What is needed:
Retype exactly, and only, the lines from the one that contains "Chelsea Women's Super" through the final line of the entries.

--- Given data Enclosed Below ---

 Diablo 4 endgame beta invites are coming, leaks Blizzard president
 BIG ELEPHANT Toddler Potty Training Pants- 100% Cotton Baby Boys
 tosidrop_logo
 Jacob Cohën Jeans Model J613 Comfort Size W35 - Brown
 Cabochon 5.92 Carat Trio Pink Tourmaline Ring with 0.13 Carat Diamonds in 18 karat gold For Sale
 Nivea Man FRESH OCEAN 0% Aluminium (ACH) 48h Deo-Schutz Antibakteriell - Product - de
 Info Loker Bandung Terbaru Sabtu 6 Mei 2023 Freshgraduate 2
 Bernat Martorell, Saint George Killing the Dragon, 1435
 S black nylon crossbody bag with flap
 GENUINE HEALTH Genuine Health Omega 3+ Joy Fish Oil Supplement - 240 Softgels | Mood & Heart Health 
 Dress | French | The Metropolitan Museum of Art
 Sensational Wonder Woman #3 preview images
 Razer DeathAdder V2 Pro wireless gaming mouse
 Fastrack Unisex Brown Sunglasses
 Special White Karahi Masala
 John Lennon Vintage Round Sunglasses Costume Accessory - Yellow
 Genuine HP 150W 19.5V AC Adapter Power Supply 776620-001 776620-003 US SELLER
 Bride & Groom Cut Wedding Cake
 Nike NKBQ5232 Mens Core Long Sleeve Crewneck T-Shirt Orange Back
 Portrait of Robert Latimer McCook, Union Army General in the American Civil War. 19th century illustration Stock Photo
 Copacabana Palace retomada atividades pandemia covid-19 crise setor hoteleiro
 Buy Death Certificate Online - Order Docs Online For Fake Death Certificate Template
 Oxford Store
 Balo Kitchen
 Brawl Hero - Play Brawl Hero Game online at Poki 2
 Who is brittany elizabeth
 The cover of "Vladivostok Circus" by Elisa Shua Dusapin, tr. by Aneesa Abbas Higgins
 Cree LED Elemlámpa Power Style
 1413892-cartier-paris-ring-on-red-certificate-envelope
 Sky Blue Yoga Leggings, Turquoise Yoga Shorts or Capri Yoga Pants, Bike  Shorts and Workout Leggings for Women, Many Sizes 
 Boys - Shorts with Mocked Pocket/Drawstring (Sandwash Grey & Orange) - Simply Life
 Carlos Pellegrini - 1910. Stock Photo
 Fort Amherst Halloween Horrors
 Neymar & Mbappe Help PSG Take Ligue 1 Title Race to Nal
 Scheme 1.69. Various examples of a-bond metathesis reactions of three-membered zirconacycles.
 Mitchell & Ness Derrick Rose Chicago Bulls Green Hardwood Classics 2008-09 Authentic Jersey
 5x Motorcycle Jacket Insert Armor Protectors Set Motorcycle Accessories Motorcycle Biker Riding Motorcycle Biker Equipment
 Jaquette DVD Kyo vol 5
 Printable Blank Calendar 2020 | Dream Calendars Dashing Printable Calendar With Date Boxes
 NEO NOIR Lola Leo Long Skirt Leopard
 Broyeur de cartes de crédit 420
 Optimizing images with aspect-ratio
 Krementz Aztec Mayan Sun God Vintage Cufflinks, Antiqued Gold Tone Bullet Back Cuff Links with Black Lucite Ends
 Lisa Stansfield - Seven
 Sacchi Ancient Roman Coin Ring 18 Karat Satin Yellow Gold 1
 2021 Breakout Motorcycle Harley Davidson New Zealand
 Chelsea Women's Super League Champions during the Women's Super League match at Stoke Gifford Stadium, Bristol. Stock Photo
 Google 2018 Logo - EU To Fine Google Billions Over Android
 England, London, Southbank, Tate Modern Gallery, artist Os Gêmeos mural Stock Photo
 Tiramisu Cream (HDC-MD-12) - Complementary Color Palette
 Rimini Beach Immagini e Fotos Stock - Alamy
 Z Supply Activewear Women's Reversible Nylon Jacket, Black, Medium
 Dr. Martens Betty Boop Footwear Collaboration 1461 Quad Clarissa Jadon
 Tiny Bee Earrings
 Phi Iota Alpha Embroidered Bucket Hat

--- End of Enclosed Given data ---

Output:
 Chelsea Women's Super League Champions during the Women's Super League match at Stoke Gifford Stadium, Bristol. Stock Photo
 Google 2018 Logo - EU To Fine Google Billions Over Android
 England, London, Southbank, Tate Modern Gallery, artist Os Gêmeos mural Stock Photo
 Tiramisu Cream (HDC-MD-12) - Complementary Color Palette
 Rimini Beach Immagini e Fotos Stock - Alamy
 Z Supply Activewear Women's Reversible Nylon Jacket, Black, Medium
 Dr. Martens Betty Boop Footwear Collaboration 1461 Quad Clarissa Jadon
 Tiny Bee Earrings
 Phi Iota Alpha Embroidered Bucket Hat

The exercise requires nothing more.